Middle Village sits, appropriately enough, in the middle of Maspeth, Glendale, Rego Park, and Elmhurst in Queens. The borders of the neighborhood are the Long Island Expressway, Cooper Avenue, Woodhaven Boulevard, and Mount Olivet Cemetery, one of several burial grounds in the area.
The name comes from its location at the midpoint of the Williamsburgh and Jamaica Turnpike (today’s Metropolitan Avenue), the route farmers used to travel between the ferry landing in Williamsburg and Jamaica, Queens.

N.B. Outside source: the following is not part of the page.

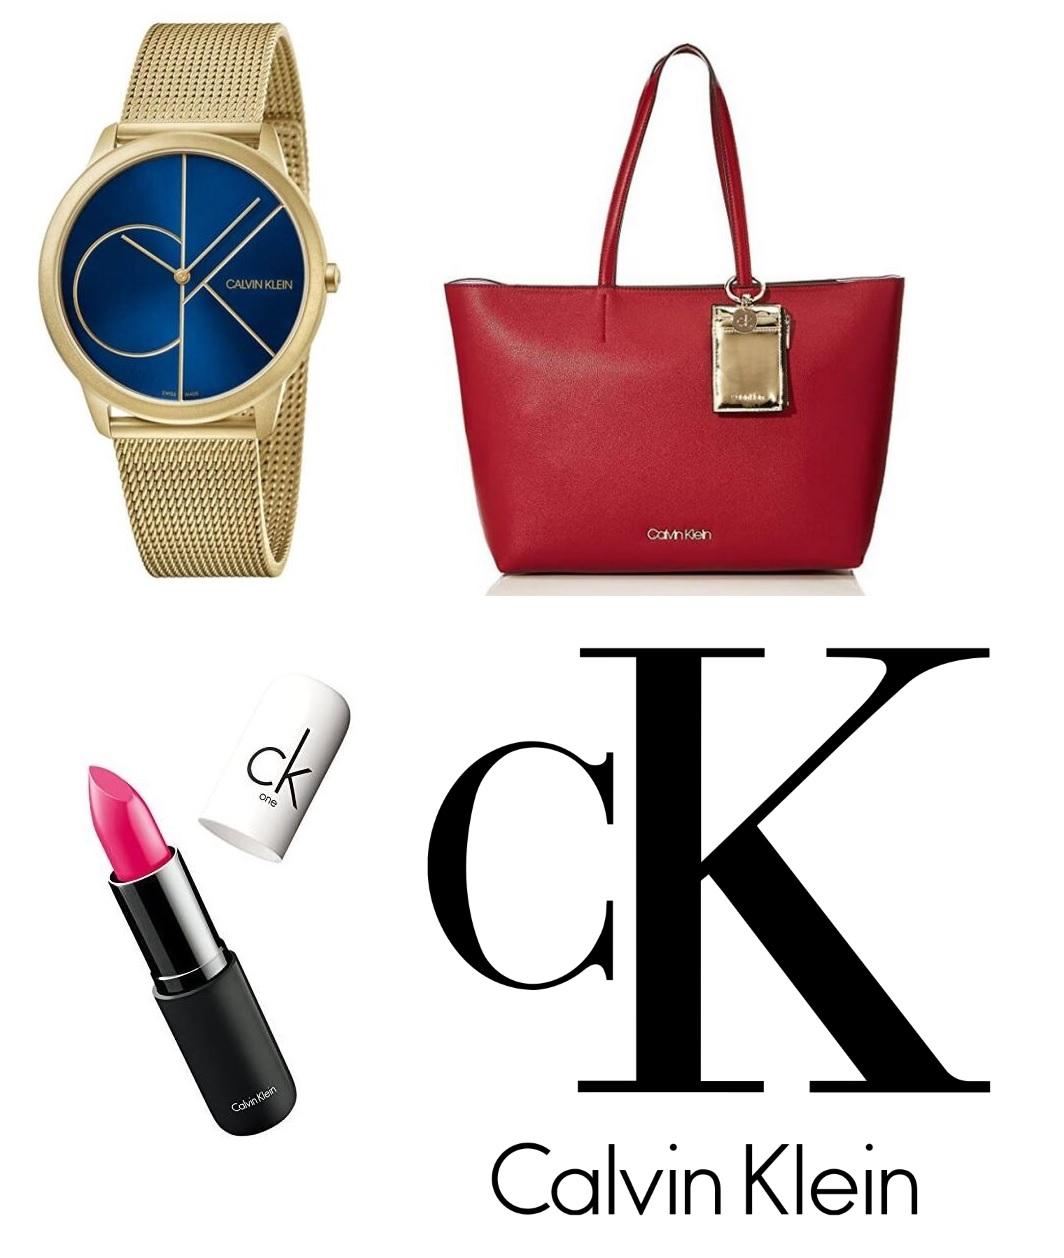 Mini-Recopilatorio CALVIN KLEIN (Bolso + reloj + pintalabios)

Development was slow to come to the area, in large part due to the massive Juniper Swamp, which spread over 100 acres and into neighboring Maspeth. During the Battle of Long Island in 1776, American troops hid in the swamp’s dense of juniper and white cedar forest. Later, British soldiers occupied the area, cutting down most of the trees to build ships and fuel their fires. Once the timber was gone, residents and soldiers began harvesting the swamp’s 16-foot-thick peat deposits, cutting and drying the material to use as fuel.
Things remained quiet in Middle Village for the next 70 years or so, until the passage of the Rural Cemetery Act in 1847 which allowed commercial businesses to conduct burials for the first time. Coupled with a ban on internments south of 86th Street in Manhattan, the new legislation precipitated a land rush along the Brooklyn–Queens border. Vast burial grounds were established in neighborhoods like Cypress Hills, Blissville, and Glendale to absorb the overflow of the city’s dead.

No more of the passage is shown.